For consistent performance of an integrated circuit, the electrical characteristics of semiconductor devices need to be consistent. Thus, controllable aspects of the variations in the electrical characteristics need to be controlled more tightly. One of the mechanisms of inducing variations in device characteristics in a semiconductor-on-insulator (SOI) substrate is diffusion of dopants (B, Ga, In, P, As, Sb. etc.) over time through isolations through the buried oxide layer in the SOI substrate. The diffusion of dopants may occur vertically or laterally through the buried oxide layer. The dopants may eventually diffuse into semiconductor devices located in the top semiconductor layer and cause shifts in device characteristics such as the threshold voltage (Vt) of a transistor. Another negative impact to device characteristics is loss of dopants from source and drain extension regions and deep source and drain regions into the buried insulator layer, which causes an increase in source resistance and/or drain resistance.

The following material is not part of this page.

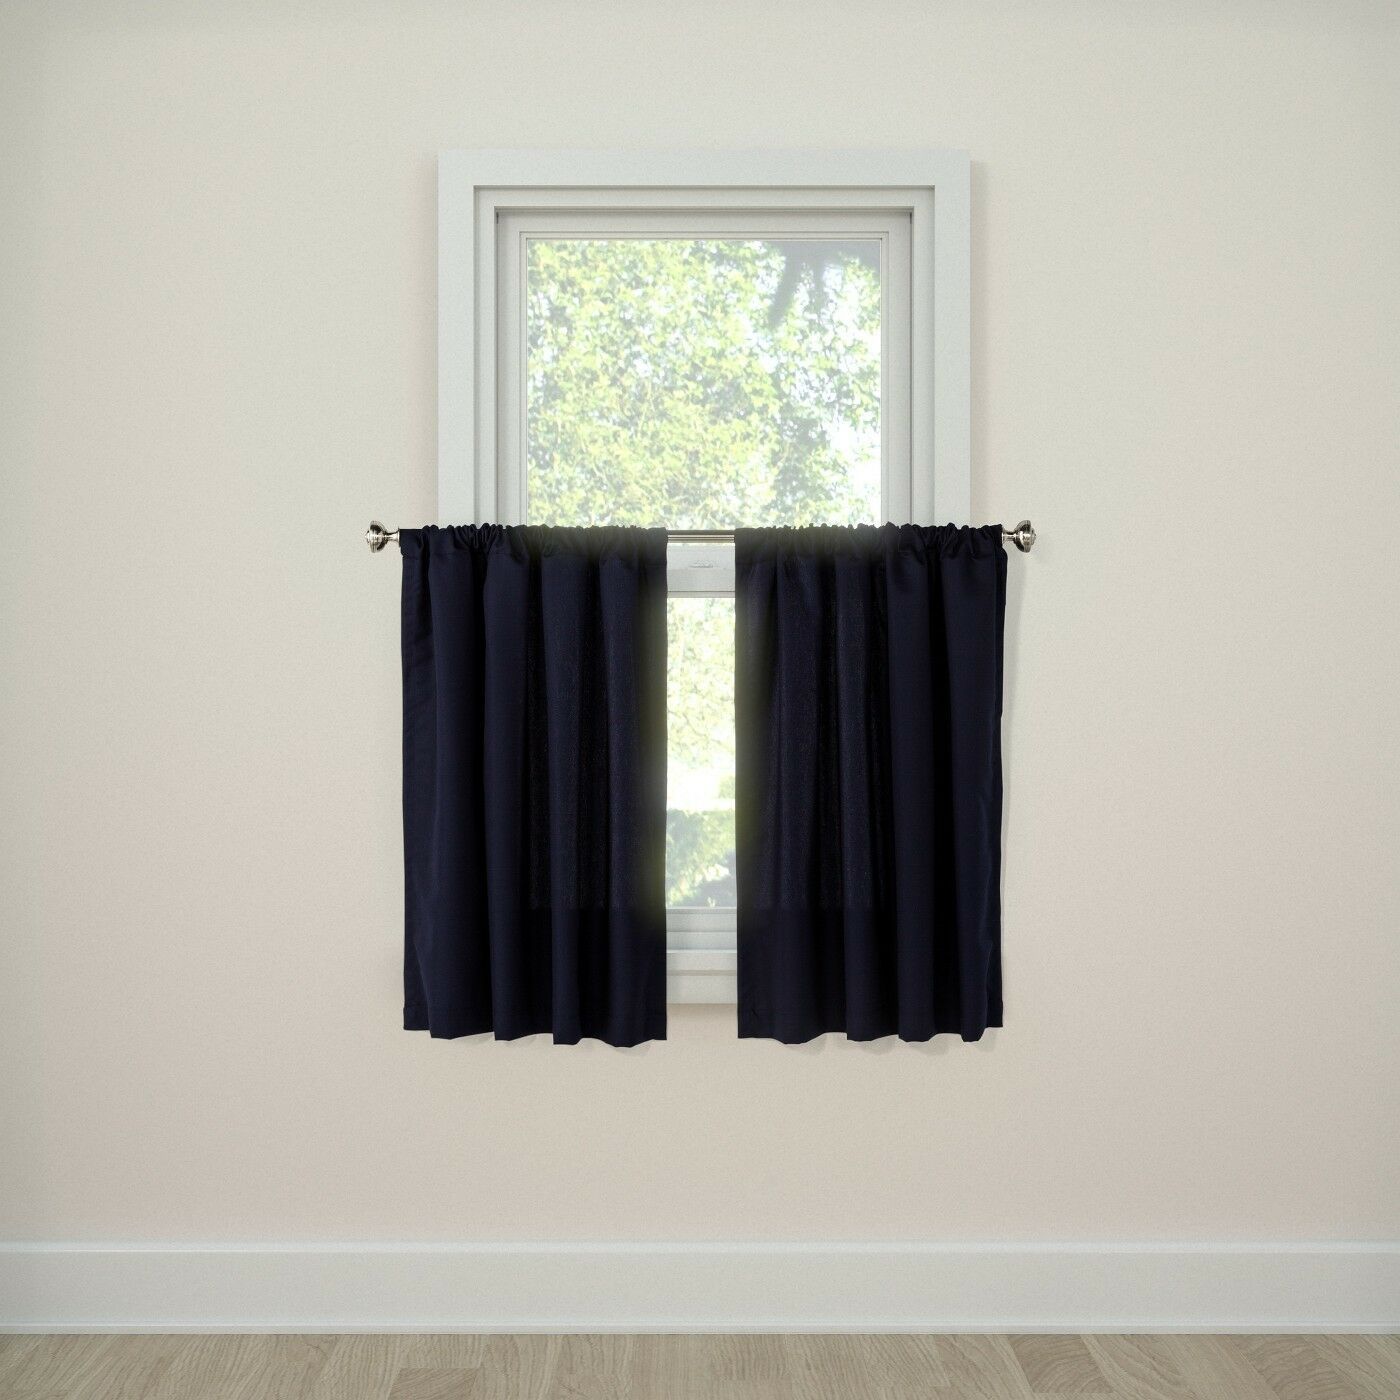 Details About New Twill Café Curtain Tiers (36"x42") – Room Essentials Navy  Blue Intended For Twill 3 Piece Kitchen Curtain Tier Sets (View 13 of 20)
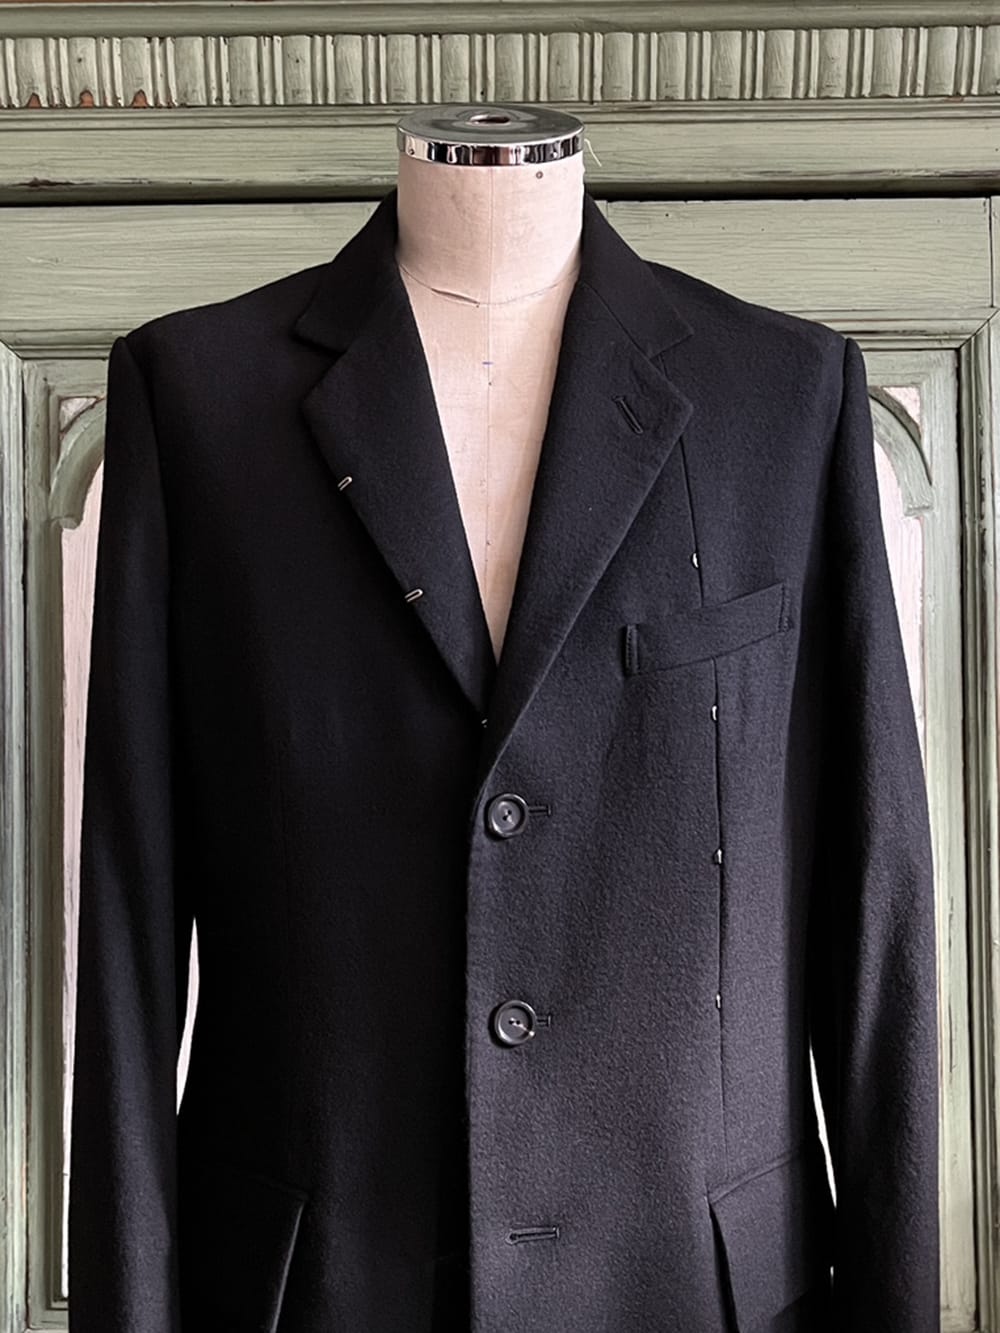 right - left chesterfield jacket.

As scaling of semiconductor devices continues, the thickness of the top semiconductor layer decreases, making control of dopant diffusion to the buried insulator layer more critical. While thermal processing techniques, such as a laser anneal or a flash anneal, have been proposed to reduce diffusion of the dopant atoms in SOI devices, such techniques tend to significantly increase complexity of a semiconductor processing flow. Further, some processing steps, such as activation of dopants introduced into a polysilicon gate by on implantation, requires a high temperature thermal processing step that for dopant activation that invariably induces diffusion of dopants. Such processing steps make it difficult to provide an integration scheme that avoids diffusion of dopants introduced into the semiconductor devices during well level ion implantation steps, i.e., ion implantations steps prior to formation of a gate stack. For example, in semiconductor devices formed on an ultra-thin semiconductor-on-insulator (UTSOI) substrate having a 18 nm thick top semiconductor layer, increase in source and drain resistance that degrades the drive current of a p-type field effect transistor by more than 30% due to loss of boron atoms from the source and drain extension regions has been observed. In an n-type field effect transistor which employs a portion of a top semiconductor layer having a thickness of about 13 nm, loss of arsenic atoms from the source and drain regions may also cause degradation of device performance. Similar problems exist for dopant atoms introduced into a semiconductor device during halo ion implantations, since loss of dopant ions from the halo regions introduces negative impacts and device parameter variations.
In view of the above, there exists a need for a semiconductor structure providing beneficial effects of semiconductor-on-insulator substrate, while concurrently preventing diffusion of dopants into or out of a buried insulator layer, and methods of manufacturing the same without significantly increasing process complexity or cost.